Arriviamo dunque alla mammografia. Innanzitutto c’è da dire che i radiologi senologi più esperti conoscono e applicano la manovra di Eklund. Una manovra che permette di isolare il tessuto mammario rispetto alla protesi, di portare sul piatto del mammografo la sola ghiandola mammaria e di poter esercitare la giusta pressione per visualizzare bene il tessuto. In ogni caso, anche senza la manovra di Eklund, la mammografia si può fare, anzi si deve fare. I tecnici di radiologia dedicati alla senologia sanno bene che tipo di pressione potranno esercitare, tenuto conto della presenza delle protesi, senza arrecare danni. Se, per esempio, vi fossero delle microcalcificazioni, che in alcuni casi possono rappresentare la fase iniziale di un tumore del seno, sarebbero individuabili solo dalla mammografia, e dall’ecografia solo quando si trovassero già all’interno di un nodulo, ovvero molto, ma molto più evidenti e numerose.
A Monica ho innanzitutto fornito questo tipo di informazione, e devo dire che mi ha ascoltata con molta attenzione. Purtroppo, già visitandola, ho sentito sotto le dita un nodulo chiaramente al di sopra della superficie della protesi sinistra, e l’ecografia successiva ne è stata la conferma. Mammografia e risonanza hanno completato il quadro di immagini, e il prelievo di cellule (agoaspirato) mi ha dato la conferma e la certezza che si trattasse di un carcinoma. Il sesto senso di Monica, che l’ha portata a controllarsi, benché con un certo ritardo, è stato ripagato da un intervento chirurgico che non è stato particolarmente invasivo. Abbiamo mantenuto in sede la protesi senza doverla sostituire, è stata effettuata una radioterapia adiuvante che non ha comportato particolari alterazioni alla protesi stessa, e abbiamo iniziato la terapia ormonale senza la necessità di una chemioterapia, come lei temeva. E ora, anche se in menopausa precoce, abbiamo restituito a Monica fiducia e serenità.

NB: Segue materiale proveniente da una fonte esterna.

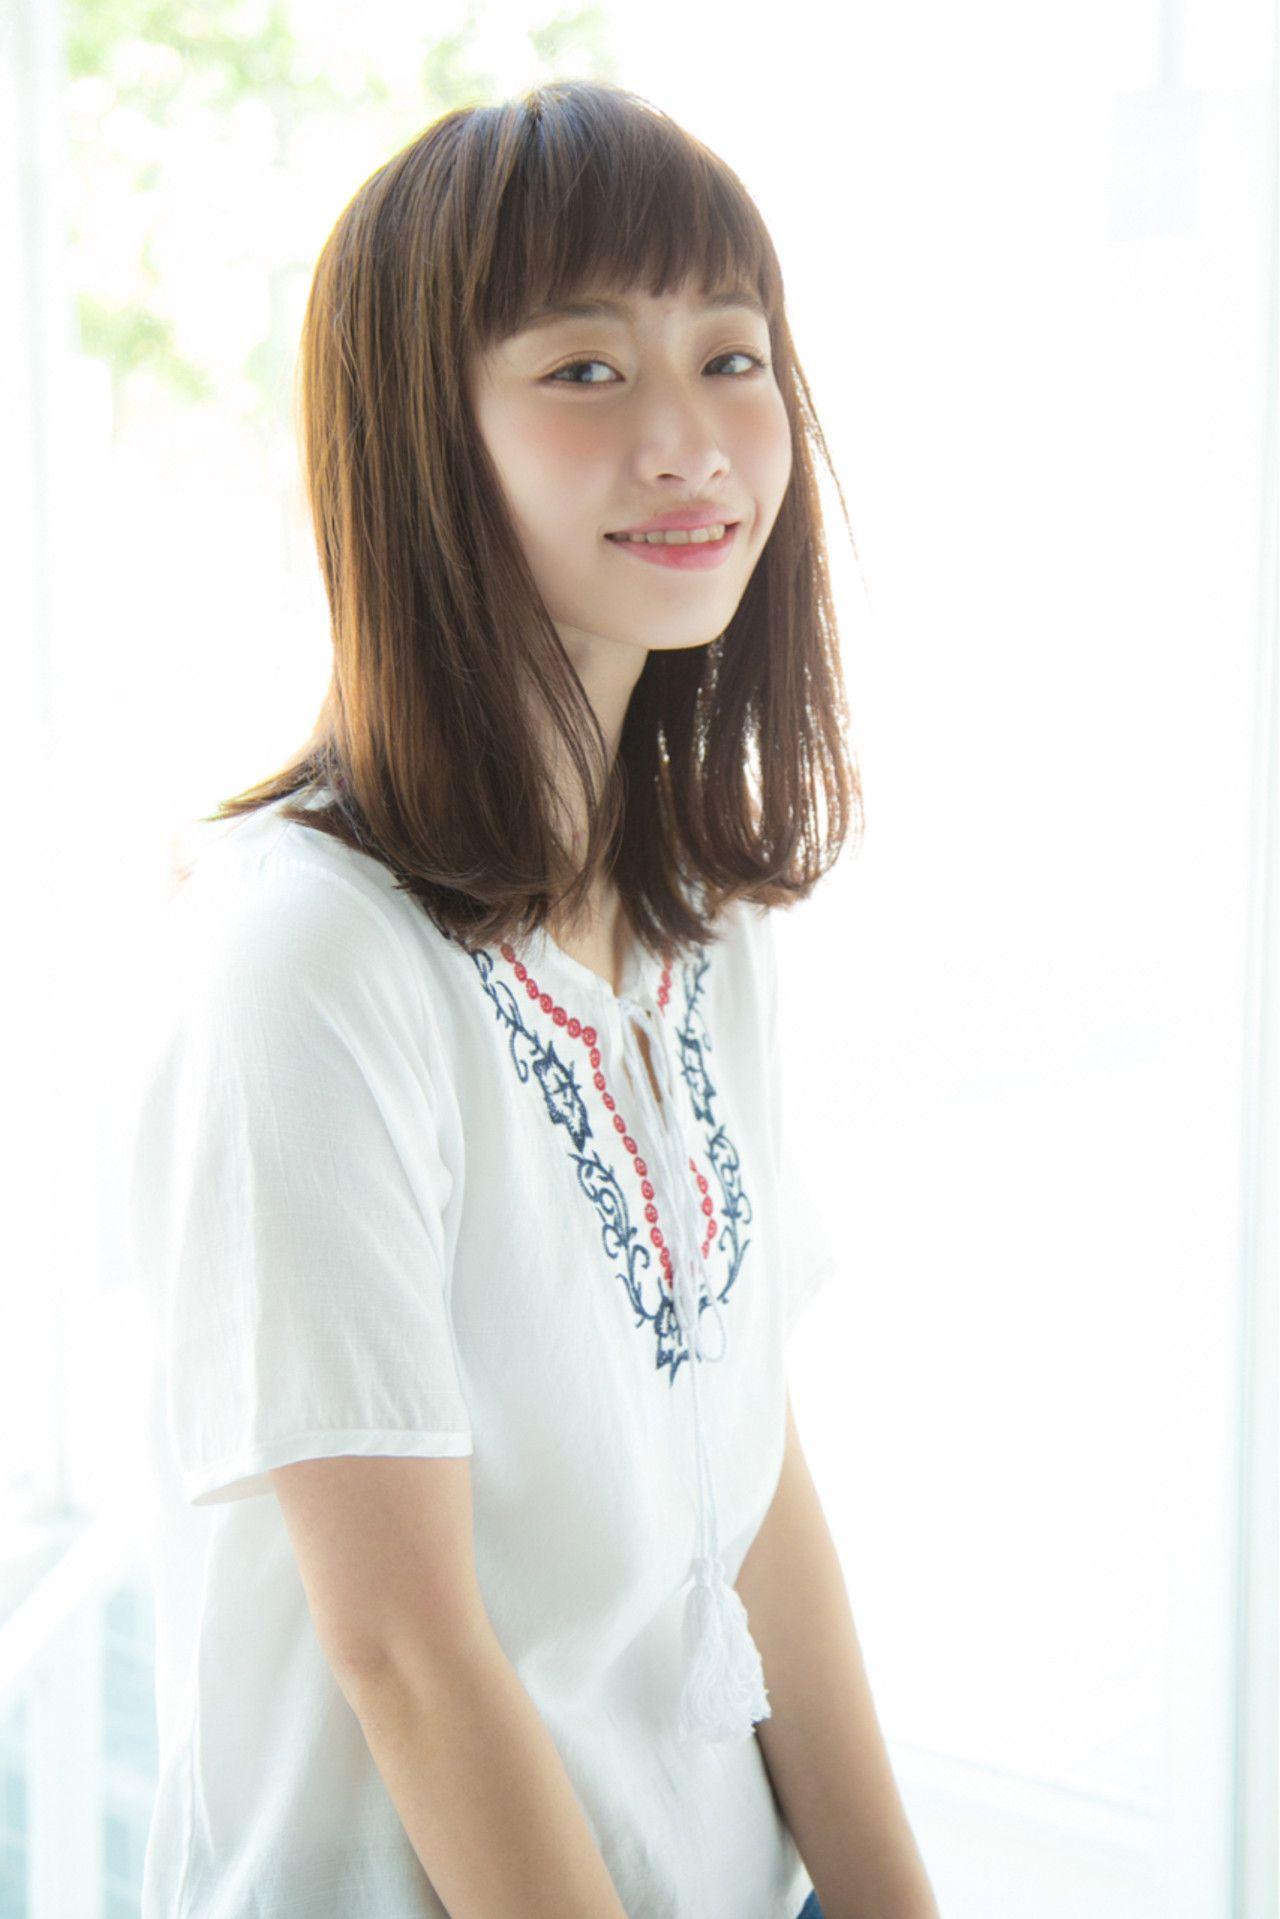 Hira Un Ami 髪 ミディアム ヘアスタイル ヘアカット ミディアム

In questo capitolo sono emerse diverse problematiche che vi fanno intuire quanto sia complesso il lavoro del medico oggi. Pensate che, quando ho iniziato la mia carriera (e non sto parlando di mille anni fa!!), non c’era la tomografia computerizzata (TC), non c’era la RM, e neppure la tomografia a emissione di positroni (PET), non si indagavano tutti i tessuti con agoaspirati e biopsie. E questo non solo per il seno e non solo per la diagnosi, ma anche per il trattamento chirurgico e medico-farmacologico. Sapere un po’ di tutto non era così difficile. Pensiamo, oggi, alle moderne tecnologie per la diagnosi, all’evoluzione che si è avuta in campo chirurgico in termini di miniinvasività o anche in tipologia di interventi chirurgici, all’innovazione farmacologica in tutti i settori, dall’oncologia alla cardiologia, dalla neurologia all’endocrinologia e così via. Cuore, polmone, ovaio, colon, mammella, osso, solo per citarne alcuni, sono diventati campi estremamente estesi, per i quali c’è necessità di approfondito studio e conoscenza, per i quali è necessario formare o identificare delle unità di lavoro multidisciplinari e interdisciplinari espressamente dedicate.
Per quanto riguarda il seno, ne parleremo in maniera più approfondita quando vi racconterò come siamo arrivati alla normativa per i centri di senologia!